PL/SQL procedure successfully completed.

DECLARE
 n_counter NUMBER := 5;
BEGIN
 FOR i IN 1 .. n_counter LOOP
 IF i=3 THEN
 CONTINUE;
 END IF;
 DBMS_OUTPUT.PUT_LINE('Iteration :' || i);
 END LOOP;
END;
/
Iteration :1
Iteration :2
Iteration :4
Iteration :5

PL/SQL procedure successfully completed.

In above example, CONTINUE statement skipped the iteration when the condition is true and transfer the control to the next iteration of the current loop.

CONTINUE WHEN statement :

DECLARE
 n_counter NUMBER := 5;
BEGIN
 FOR i IN 1 .. n_counter LOOP
 CONTINUE WHEN i=3;
 
 DBMS_OUTPUT.PUT_LINE('Iteration :' || i);
 END LOOP;
END;
/

Reverse FOR LOOP Statements

DECLARE
 n_counter NUMBER := 5;
BEGIN
 FOR i IN REVERSE 1 .. n_counter LOOP
 CONTINUE WHEN i=3;
 
 DBMS_OUTPUT.PUT_LINE('Iteration :' || i);
 END LOOP;
END;
/
Iteration :5
Iteration :4
Iteration :2
Iteration :1

PL/SQL procedure successfully completed.

FOR LOOP with GOTO Statement.

DECLARE
 n_counter NUMBER := 5;
BEGIN
 FOR i IN 1 .. n_counter LOOP
 
 DBMS_OUTPUT.PUT_LINE('Iteration :' || i);
 IF i=3 THEN
 GOTO counter_reached;
 END IF;
 END LOOP;
 
 <<counter_reached>>
 
 DBMS_OUTPUT.PUT_LINE('Counter reached to 3'); 
END;
/

In above example, when the condition is true, GOTO statement transfer the control out side the loop to the label “counter_reached”.

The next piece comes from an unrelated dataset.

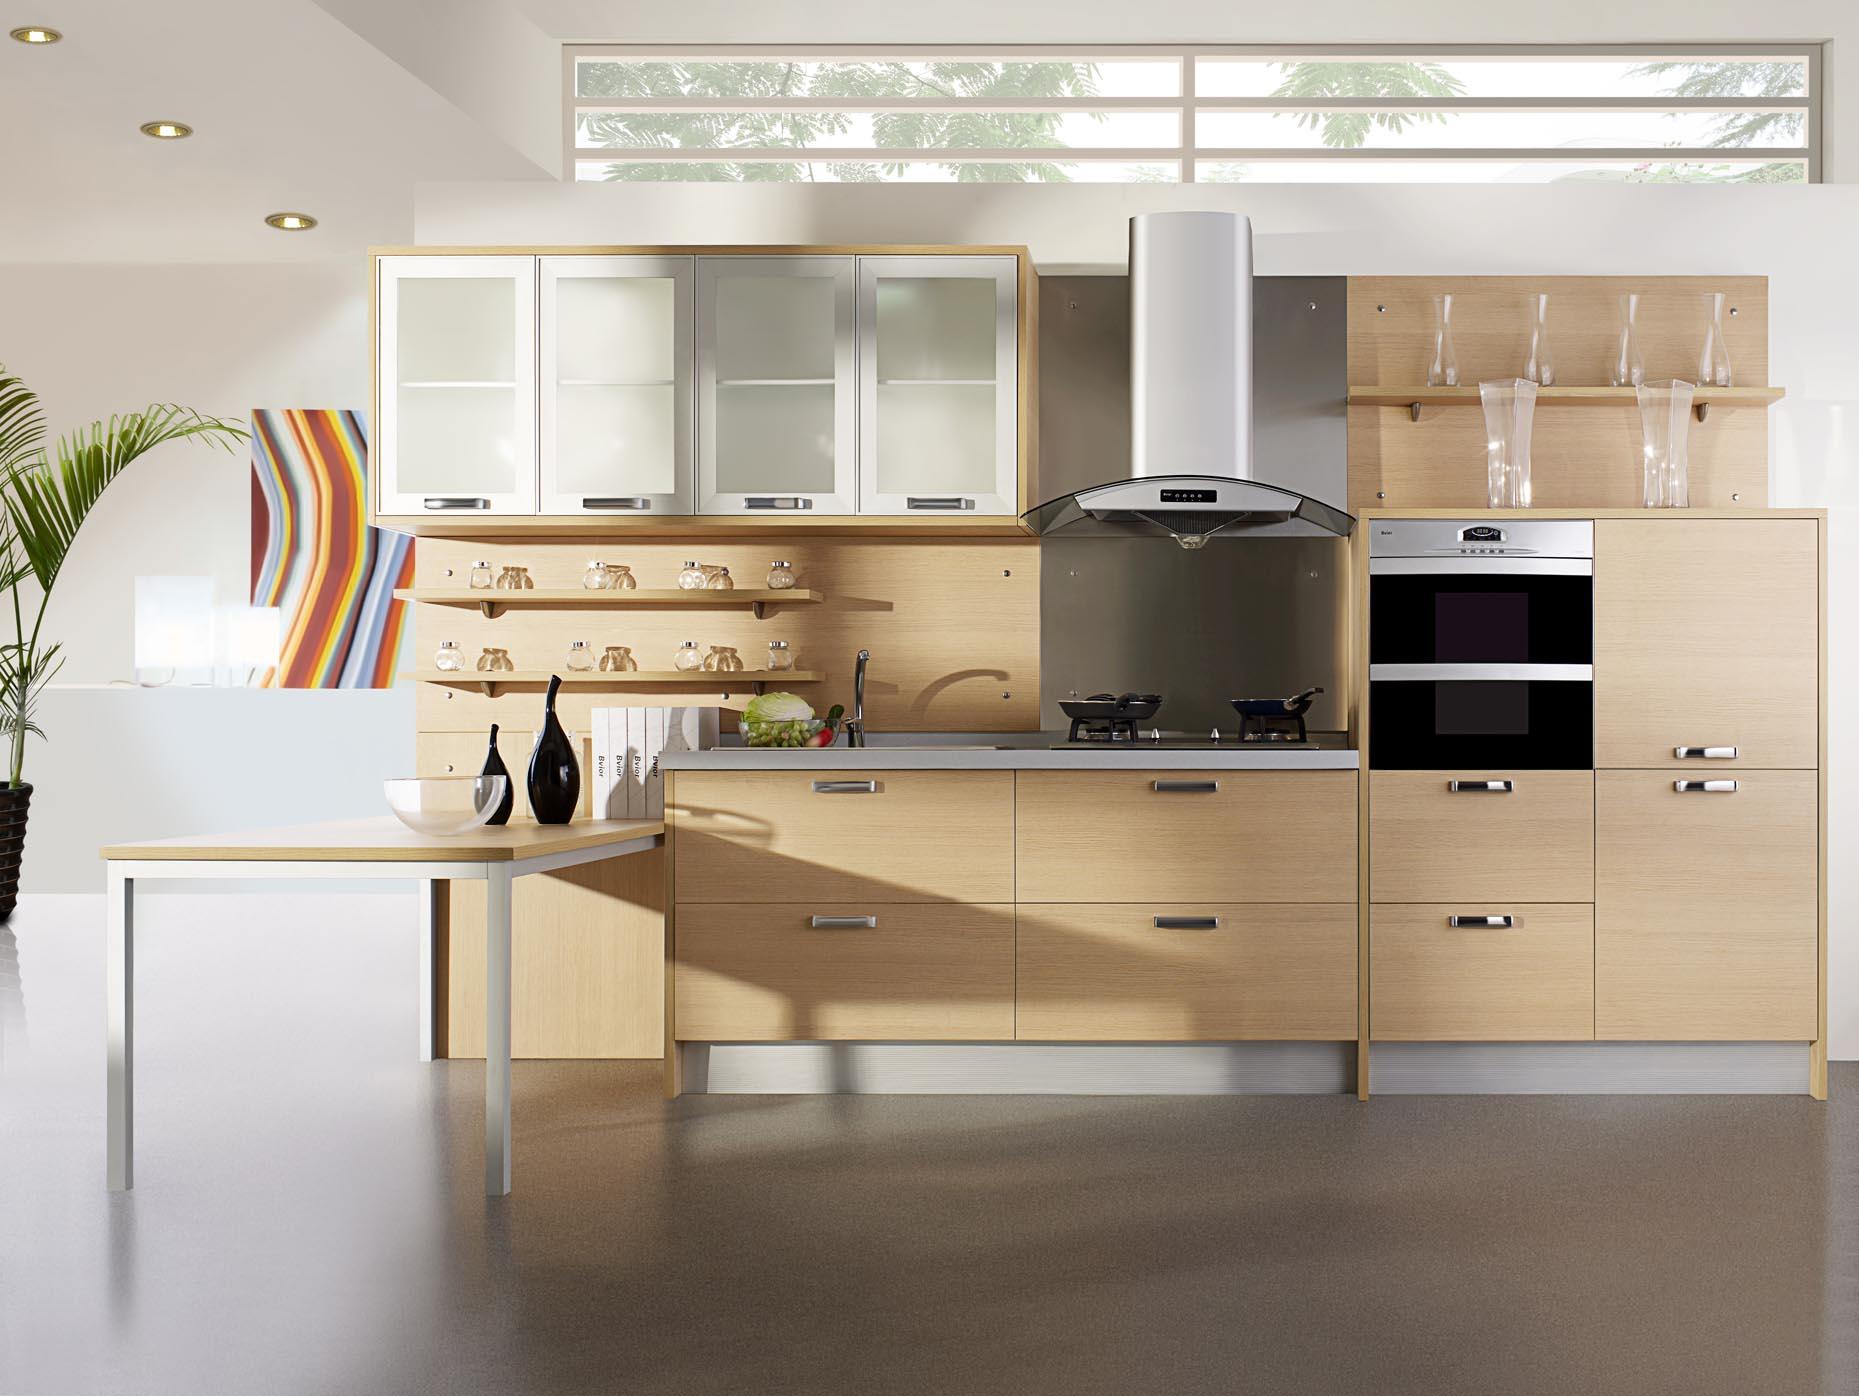 White kitchen wall cabinets Photo - 7

GOTO Statement Goes to Labeled NULL Statement

DECLARE
 done BOOLEAN;
BEGIN
 FOR i IN 1..10 LOOP
 IF done THEN
 GOTO end_loop;
 END IF;
 <<end_loop>>
 NULL;
 END LOOP;
END;
/

GOTO Statement Cannot Transfer Control into IF Statement

DECLARE
 valid BOOLEAN := TRUE;
BEGIN
 GOTO update_row;
 
 IF valid THEN
 <<update_row>>
 NULL;
 END IF;
END;
/
Error report -
ORA-06550: line 4, column 3:
PLS-00375: illegal GOTO statement; this GOTO cannot branch to label 'UPDATE_ROW'
ORA-06550: line 6, column 12:
PL/SQL: Statement ignored
06550. 00000 - "line %s, column %s:n%s"
*Cause: Usually a PL/SQL compilation error.
*Action:

NULL Statement

The NULL statement only passes control to the next statement. Some languages refer to such an instruction as a no-op (no operation).

WHILE loop

The WHILE LOOP statement runs one or more statements while a condition is TRUE. The WHILE LOOP statement ends when the condition becomes FALSE or NULL, or when a statement inside the loop transfers control outside the loop or raises an exception.

Syntax :

WHILE condition
LOOP
 sequence_of_statements;
END LOOP;

Example :

DECLARE
 n_counter NUMBER := 5;
 n_factorial NUMBER := 1;
 n_number NUMBER;
BEGIN
 n_number := n_counter;
 WHILE n_counter > 0
 LOOP
 n_factorial := n_factorial * n_counter;
 n_counter := n_counter - 1;
 END LOOP;
 
 DBMS_OUTPUT.PUT_LINE('factorial of ' || n_number ||
 ' is ' || n_factorial);
 
END;
/

factorial of 5 is 120


PL/SQL procedure successfully completed.

We can include EXIT, EXIT WHEN, CONTINUE and GOTO statements in WHILE LOOP as well as per requirement.

Cursor FOR LOOP

The cursor FOR LOOP statement implicitly declares its loop index as a record variable of the row type that a specified cursor returns, and then opens a cursor.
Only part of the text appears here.